═══ DATA FOR ANALYSIS ═══

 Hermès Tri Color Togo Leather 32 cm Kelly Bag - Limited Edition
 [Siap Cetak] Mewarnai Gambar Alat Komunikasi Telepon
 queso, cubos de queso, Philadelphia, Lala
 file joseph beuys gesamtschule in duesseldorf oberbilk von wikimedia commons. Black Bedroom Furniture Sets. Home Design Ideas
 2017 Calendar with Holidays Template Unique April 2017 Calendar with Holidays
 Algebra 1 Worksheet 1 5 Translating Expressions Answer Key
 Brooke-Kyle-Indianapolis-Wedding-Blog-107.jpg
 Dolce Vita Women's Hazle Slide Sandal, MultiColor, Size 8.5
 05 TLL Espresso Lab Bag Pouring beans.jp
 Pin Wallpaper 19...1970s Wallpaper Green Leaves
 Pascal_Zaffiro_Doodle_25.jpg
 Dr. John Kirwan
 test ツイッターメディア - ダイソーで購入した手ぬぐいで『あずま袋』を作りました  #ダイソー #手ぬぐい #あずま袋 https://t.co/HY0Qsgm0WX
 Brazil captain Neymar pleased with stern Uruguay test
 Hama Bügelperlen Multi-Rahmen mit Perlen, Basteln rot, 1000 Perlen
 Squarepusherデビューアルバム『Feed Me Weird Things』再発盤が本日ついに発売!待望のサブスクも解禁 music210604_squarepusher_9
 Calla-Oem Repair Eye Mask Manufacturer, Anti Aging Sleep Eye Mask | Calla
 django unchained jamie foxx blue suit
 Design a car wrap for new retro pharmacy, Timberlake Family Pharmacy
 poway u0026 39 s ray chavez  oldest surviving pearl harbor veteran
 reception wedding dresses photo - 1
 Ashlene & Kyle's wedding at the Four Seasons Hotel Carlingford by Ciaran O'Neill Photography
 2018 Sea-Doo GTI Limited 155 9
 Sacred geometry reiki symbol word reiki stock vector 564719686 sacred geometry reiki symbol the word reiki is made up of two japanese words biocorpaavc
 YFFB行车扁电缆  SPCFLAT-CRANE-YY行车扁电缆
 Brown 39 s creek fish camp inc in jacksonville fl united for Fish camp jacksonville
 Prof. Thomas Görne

═══

WHAT YOU SHOULD DO:
Taking the entries above, write out exactly the lines starting with the line containing "file joseph beuys" and going on through the line containing "Brazil captain Neymar", both included, and nothing else.

SOLUTION:
 file joseph beuys gesamtschule in duesseldorf oberbilk von wikimedia commons. Black Bedroom Furniture Sets. Home Design Ideas
 2017 Calendar with Holidays Template Unique April 2017 Calendar with Holidays
 Algebra 1 Worksheet 1 5 Translating Expressions Answer Key
 Brooke-Kyle-Indianapolis-Wedding-Blog-107.jpg
 Dolce Vita Women's Hazle Slide Sandal, MultiColor, Size 8.5
 05 TLL Espresso Lab Bag Pouring beans.jp
 Pin Wallpaper 19...1970s Wallpaper Green Leaves
 Pascal_Zaffiro_Doodle_25.jpg
 Dr. John Kirwan
 test ツイッターメディア - ダイソーで購入した手ぬぐいで『あずま袋』を作りました  #ダイソー #手ぬぐい #あずま袋 https://t.co/HY0Qsgm0WX
 Brazil captain Neymar pleased with stern Uruguay test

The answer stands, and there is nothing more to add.